The answer is that Congress did not have such an enumerated power, and the only reason contemporary Americans fight over what the feds “should do” at the border is because of an 1875 Supreme Court ruling in the case of “Chy Lung v. Freeman” which was a challenge to a California statute imposing a charge on boat-owners who were facilitating ingress to Chinese women (seen as likely prostitutes by the politicians). With the ruling, the Justices simply made up federal immigration control, saying, in part, this errant nonsense, which easily can be refuted by actually reading the Constitution:

“The passage of laws which concern the admission of citizens and subjects of foreign nations to our shores belongs to Congress, and not to the States.”

This led to federal passage of the Page Law that same year, a statute that restricted lower-price Chinese immigrant labor, and established from that point on that the states would suffer the loss of their constitutionally granted power over immigration. The only way the feds can grab that power is if they claim the US is being invaded, and they declare war against an invading nation-state. But since the migrants aren’t members of any official national military, that would be a hard-sell.

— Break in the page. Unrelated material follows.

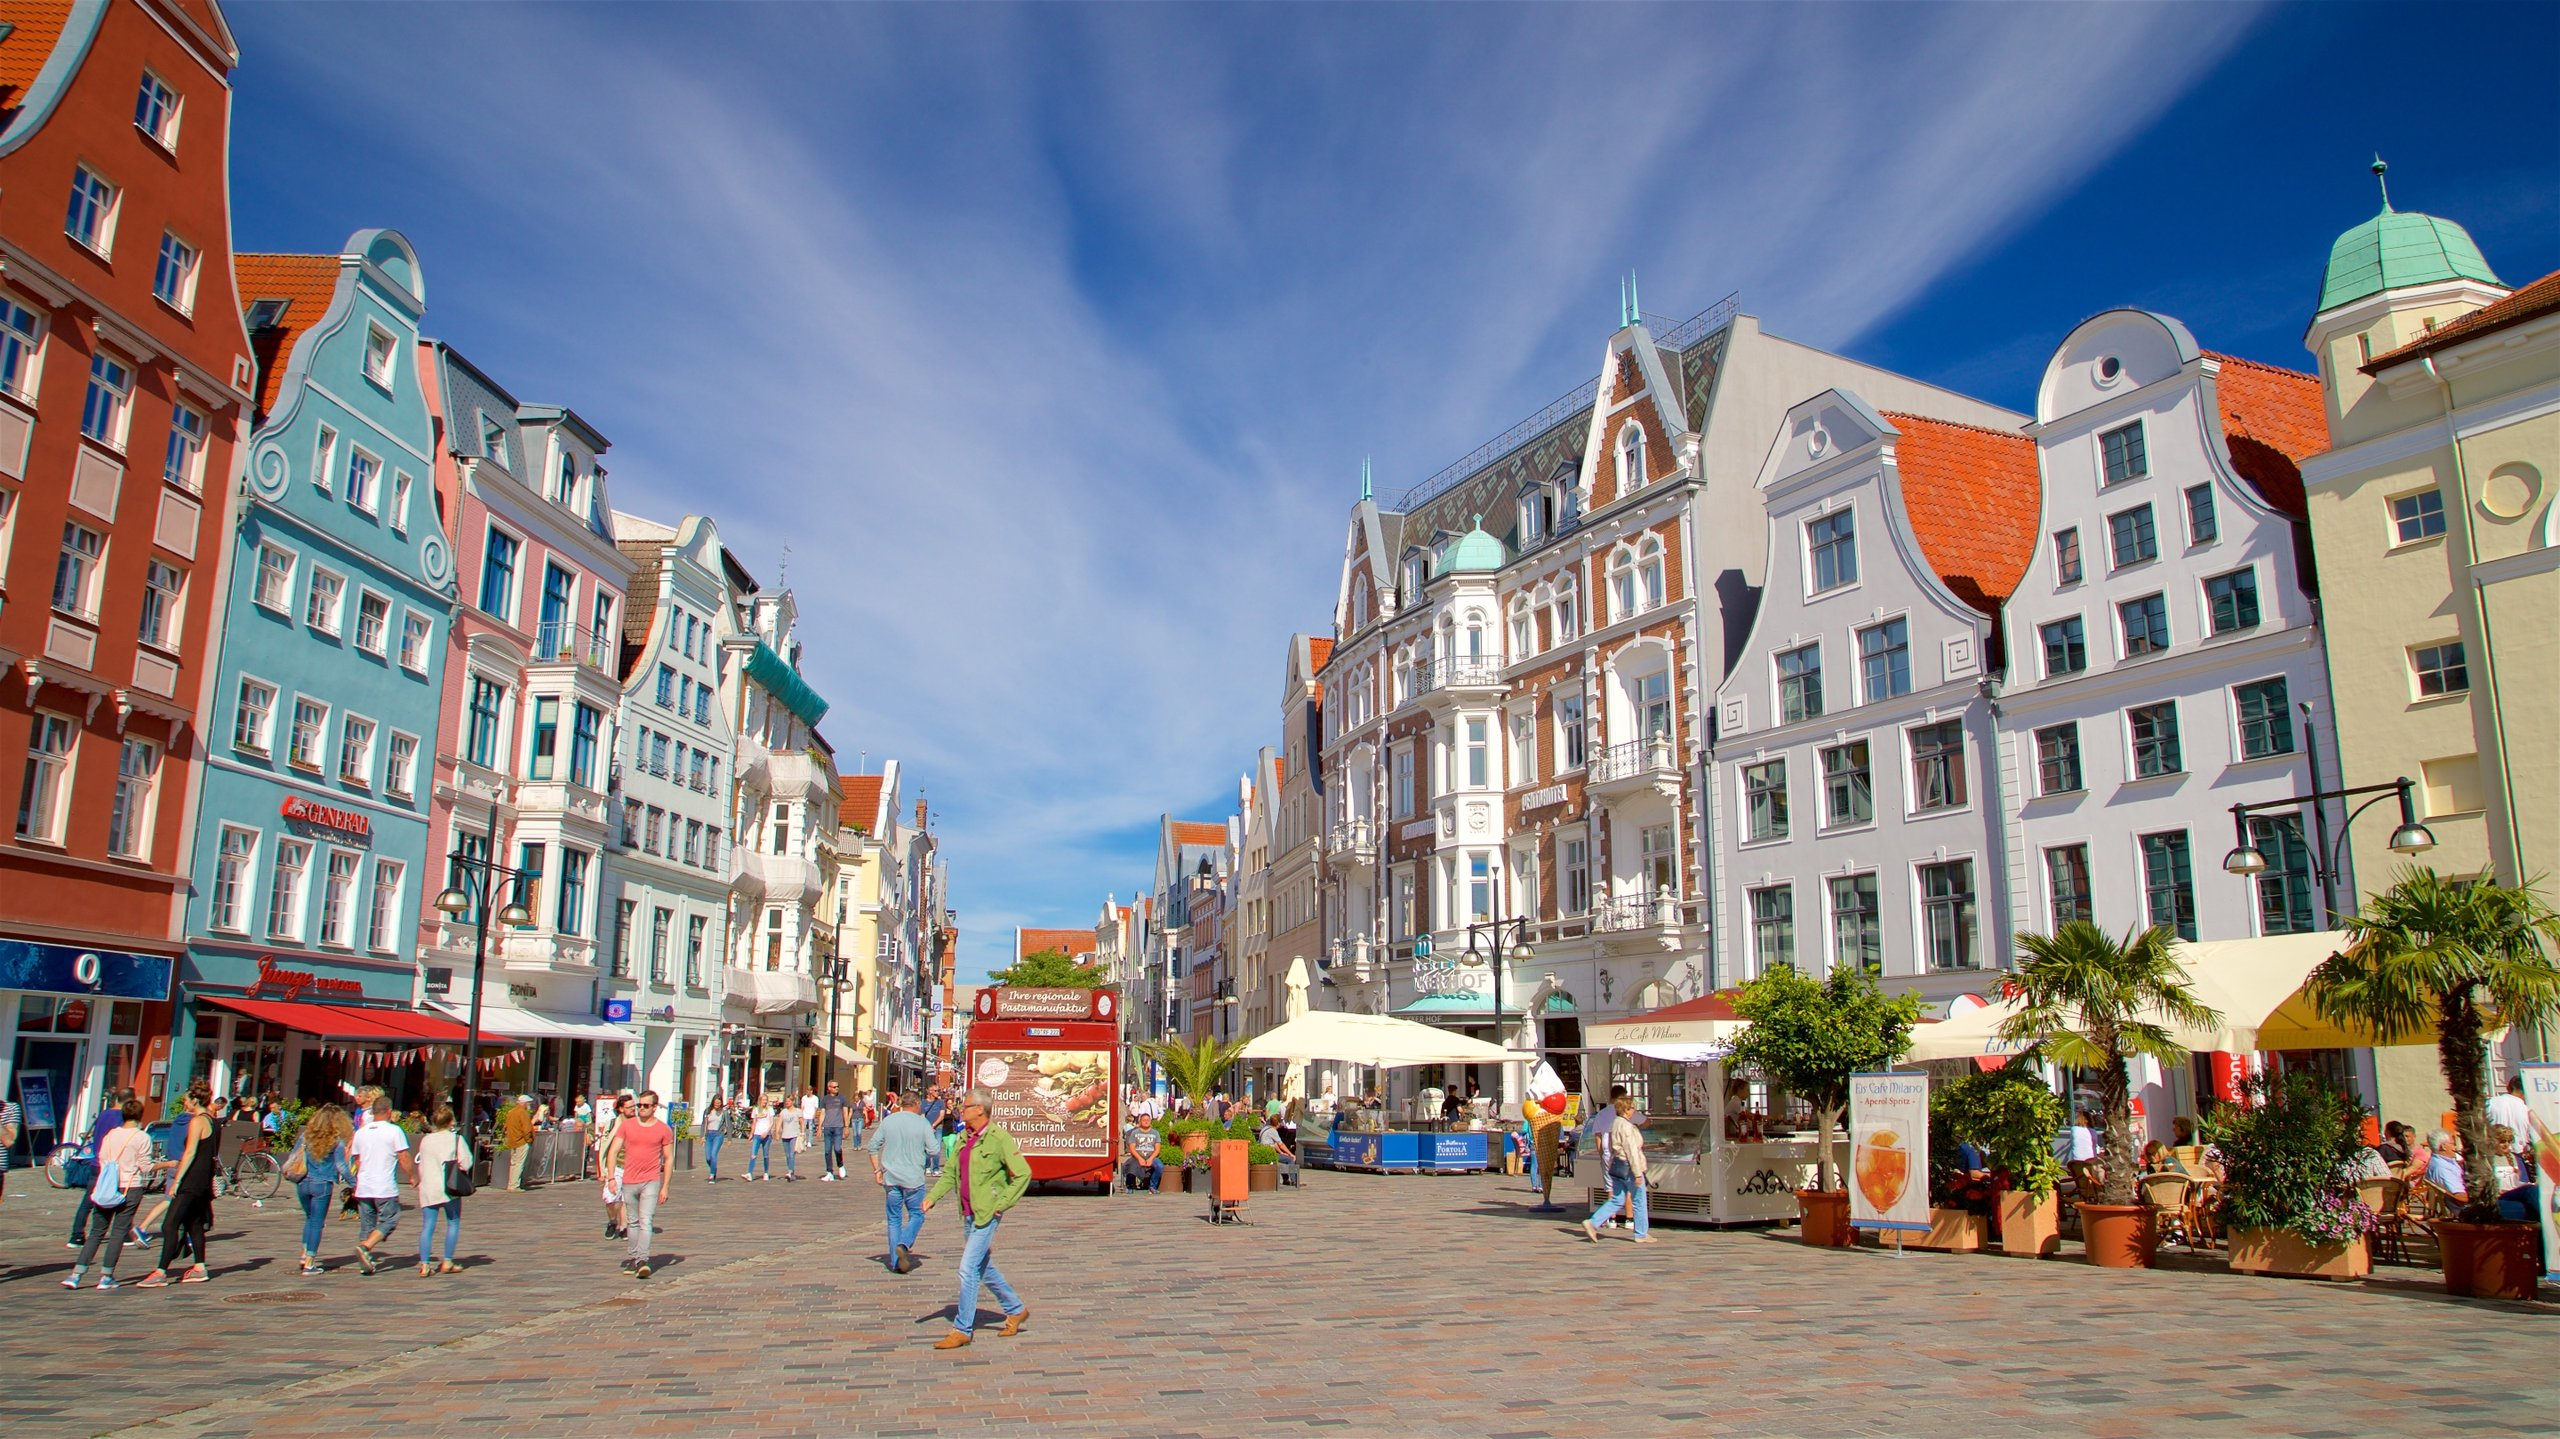 Nördliche Altstadt, Rostock, Mecklenburg-West Pomerania, Germany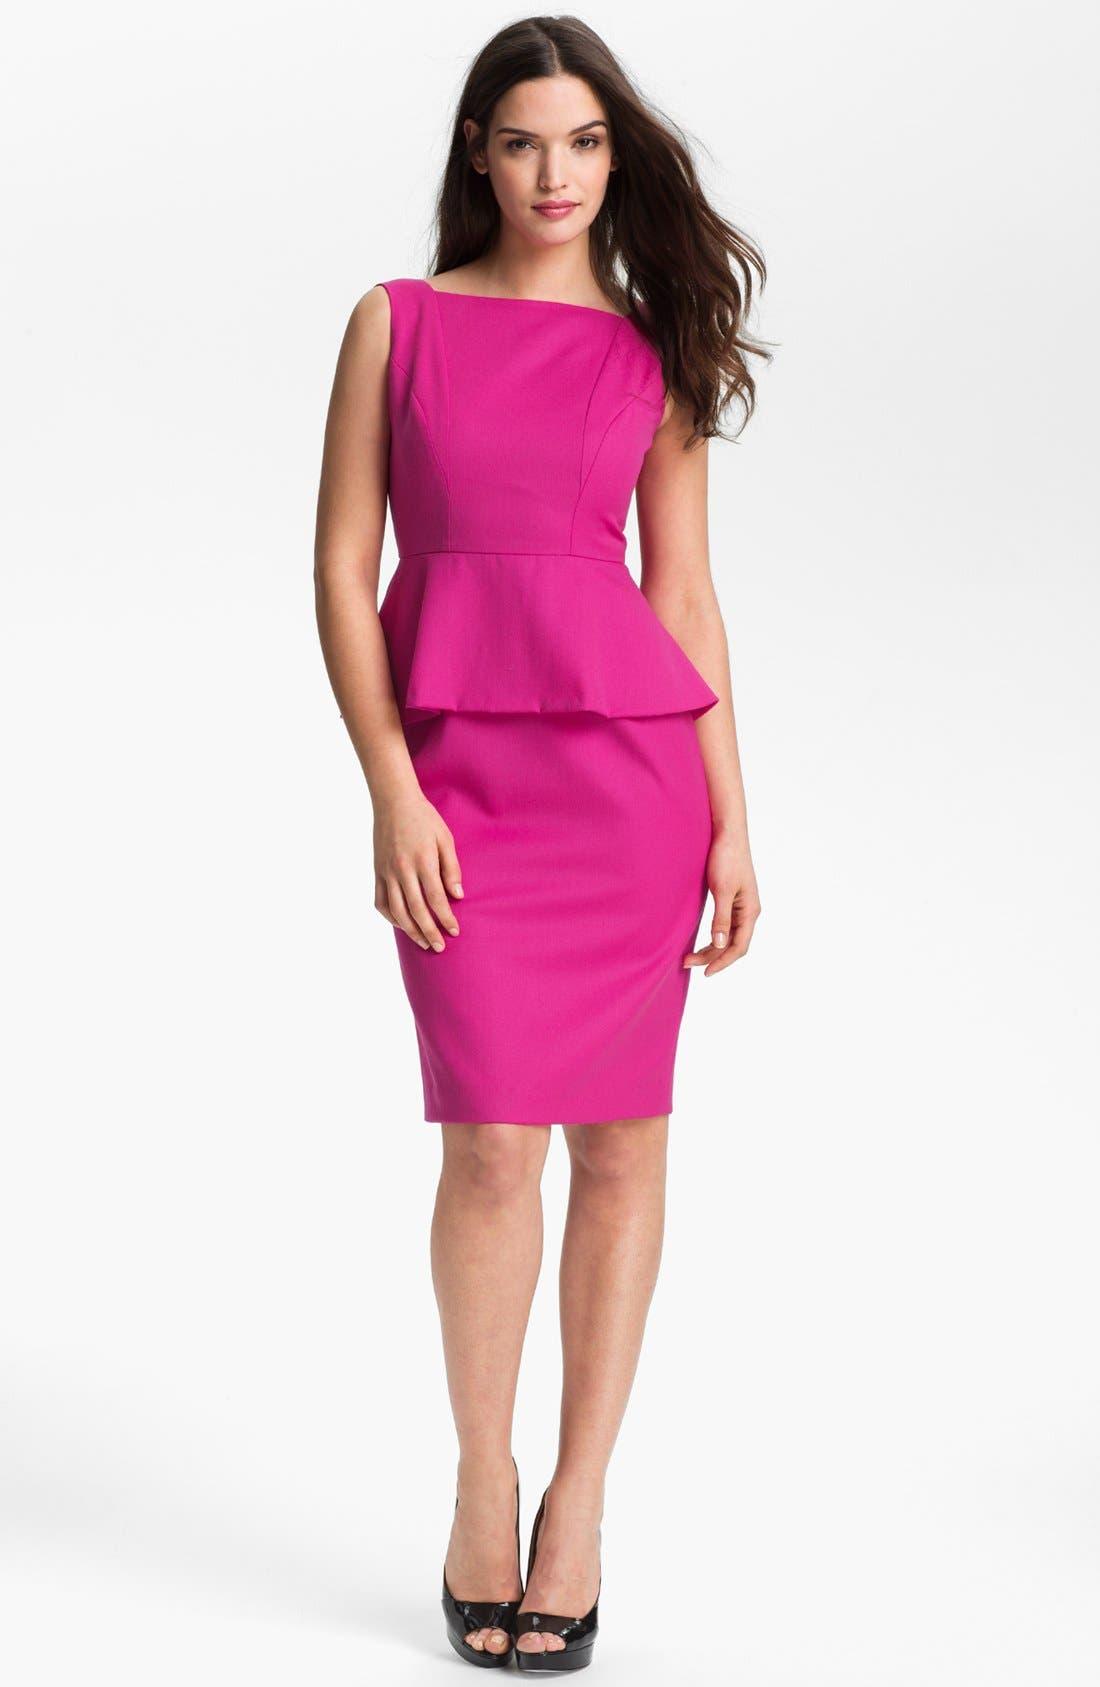 Alternate Image 1 Selected - Anne Klein Peplum Sheath Dress (Petite)

Which leads us to the final “constitutional option”: seeing the feds getting involved in state immigration by the method spelled out in Article Four, Section Four. If a state legislature or governor should call on the federal government to lead militia from other states to it in order to “protect” that state’s “republican form of government” from violence or insurrection, the feds are constitutionally bound to respond.

Ironically, Greg Abbot has done that. And Biden has not responded in a constitutional fashion.

In fact, we now witness the possibility that Biden’s border “patrol” will head to Mexico to make it easier for migrants to come to the states.

Perhaps conservatives can see that the problem is not just Biden, but the reliance on central command and control and the discarding of the original Constitution?

What else is needed to awaken that spirit and see conservatives resist the temptation to centralize immigration, when the issue has been mismanaged for years?